Scientists eye creating synthetic human genomes in lab

© National Human Genome Research Institute
Mapping the genetic code was only complete 13 years ago, but researchers are already setting their sights on another lofty goal – creating a synthetic human genome in a laboratory to better understand how DNA works.

The proposal, published in the journal Science on Thursday, outlines ways to build a synthetic human genome in a laboratory by using chemicals to create the DNA present in human chromosomes.

"We just had a revolution in our ability to read genomes," said George Church, a geneticist at Harvard University who is part of the group behind the plan, as quoted by NPR. "The same thing is happening now with writing genomes."

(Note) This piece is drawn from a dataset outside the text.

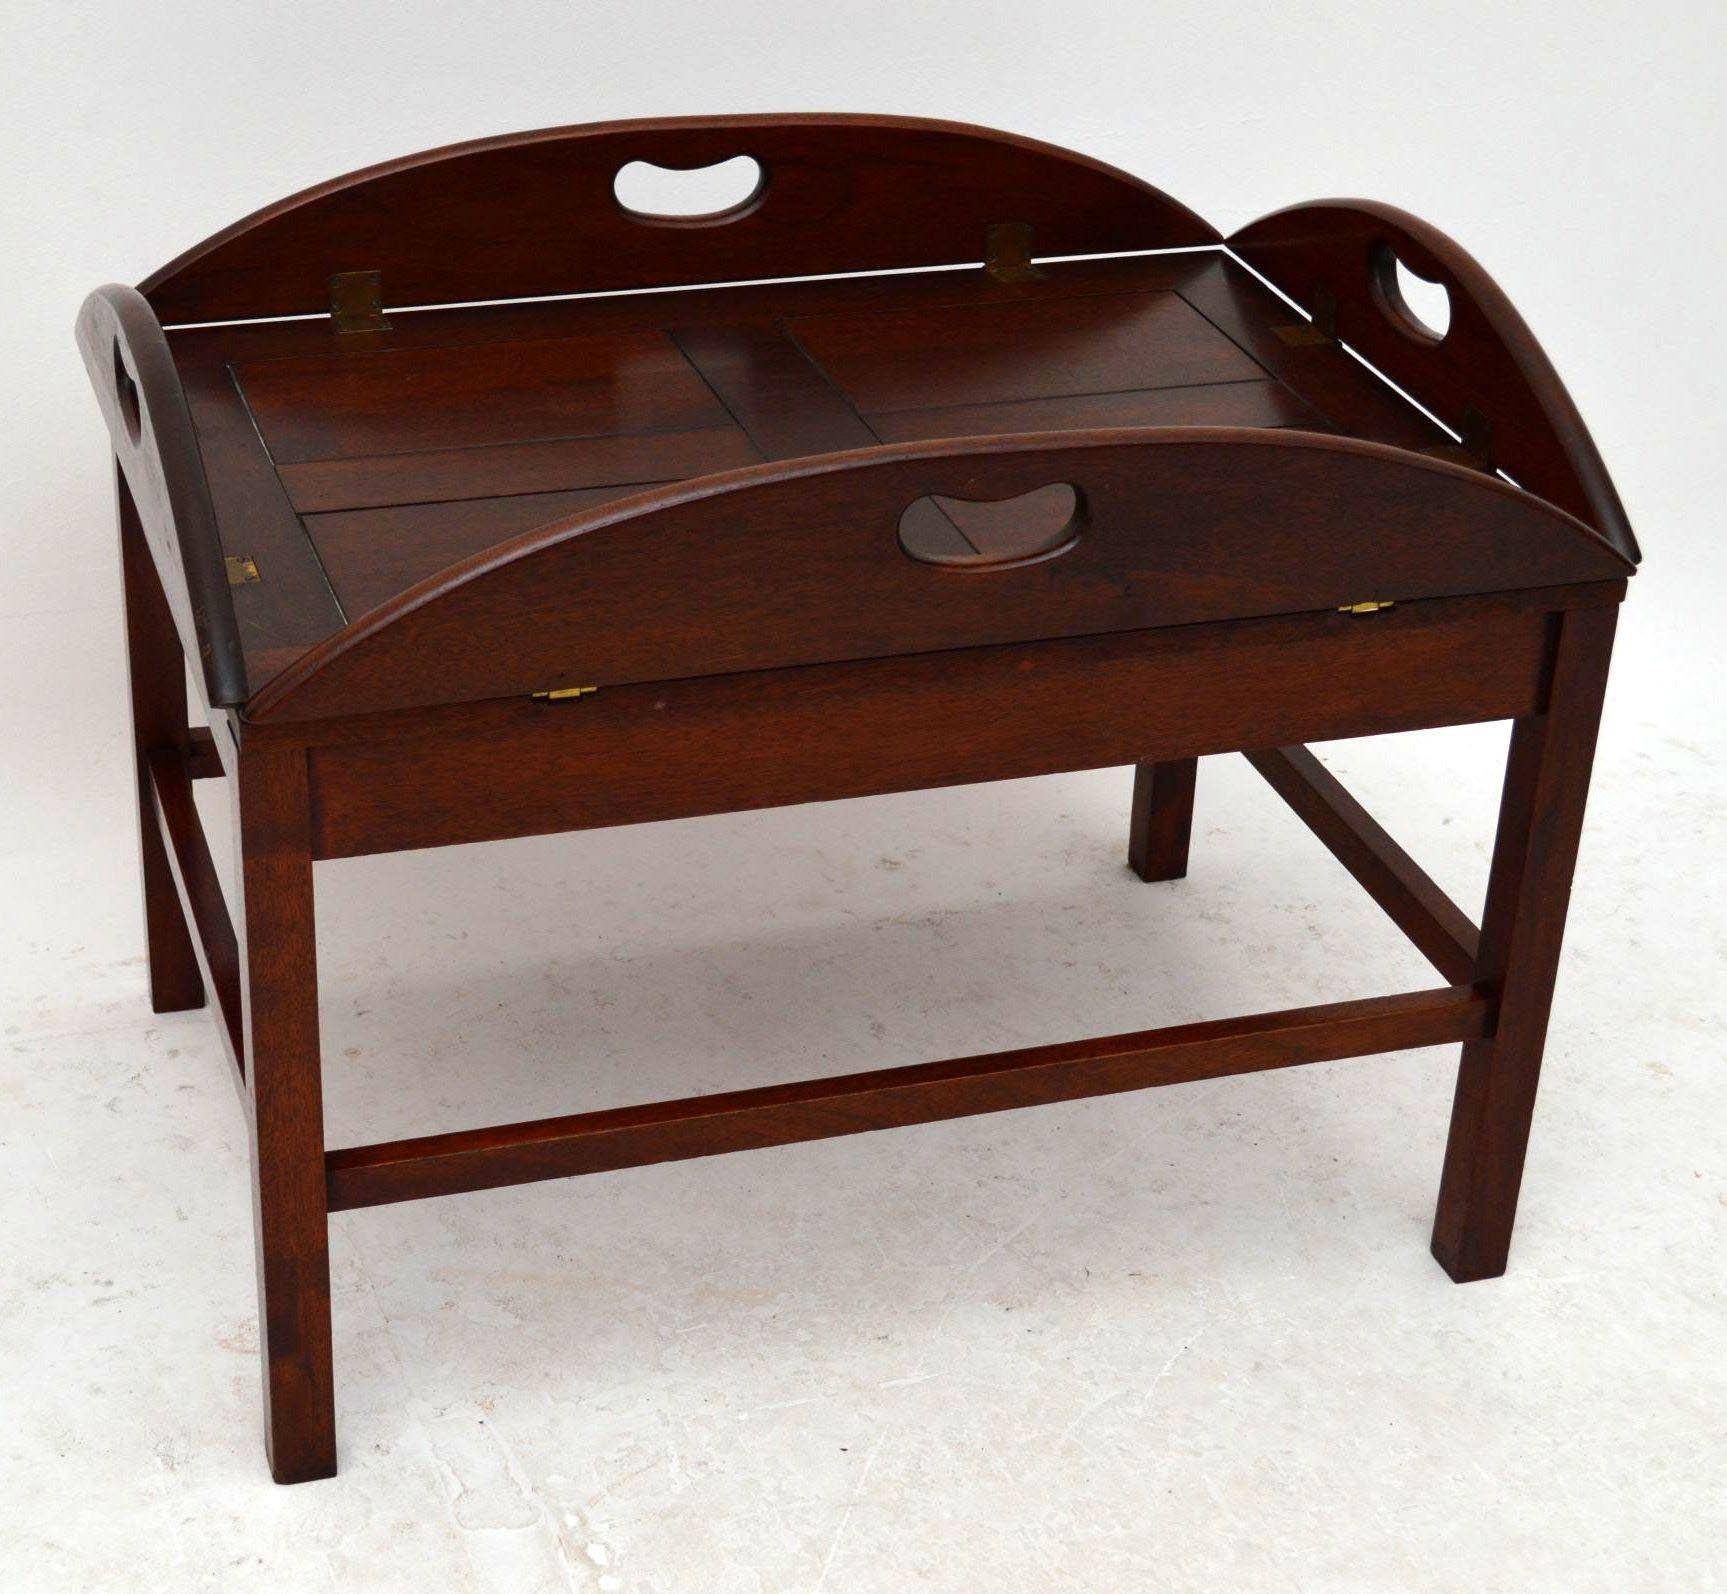 Mahogany Butler Tray Coffee Table Coffee Tables Mahogany Coffee pertaining to sizing 1727 X 1594

Church and his colleagues believe the plan is a logical step after the Human Genome Project, which mapped DNA for the first time in 2003 (while the project was officially launched in 1990). For that reason, the new project has been dubbed Human Genome Project-Write.

The plan, which aims to build a synthetic genome and test it in laboratory cells within 10 years, would be administered by the non-profit organization Center of Excellence for Engineering Biology, according to a draft of a news release obtained by The Washington Post.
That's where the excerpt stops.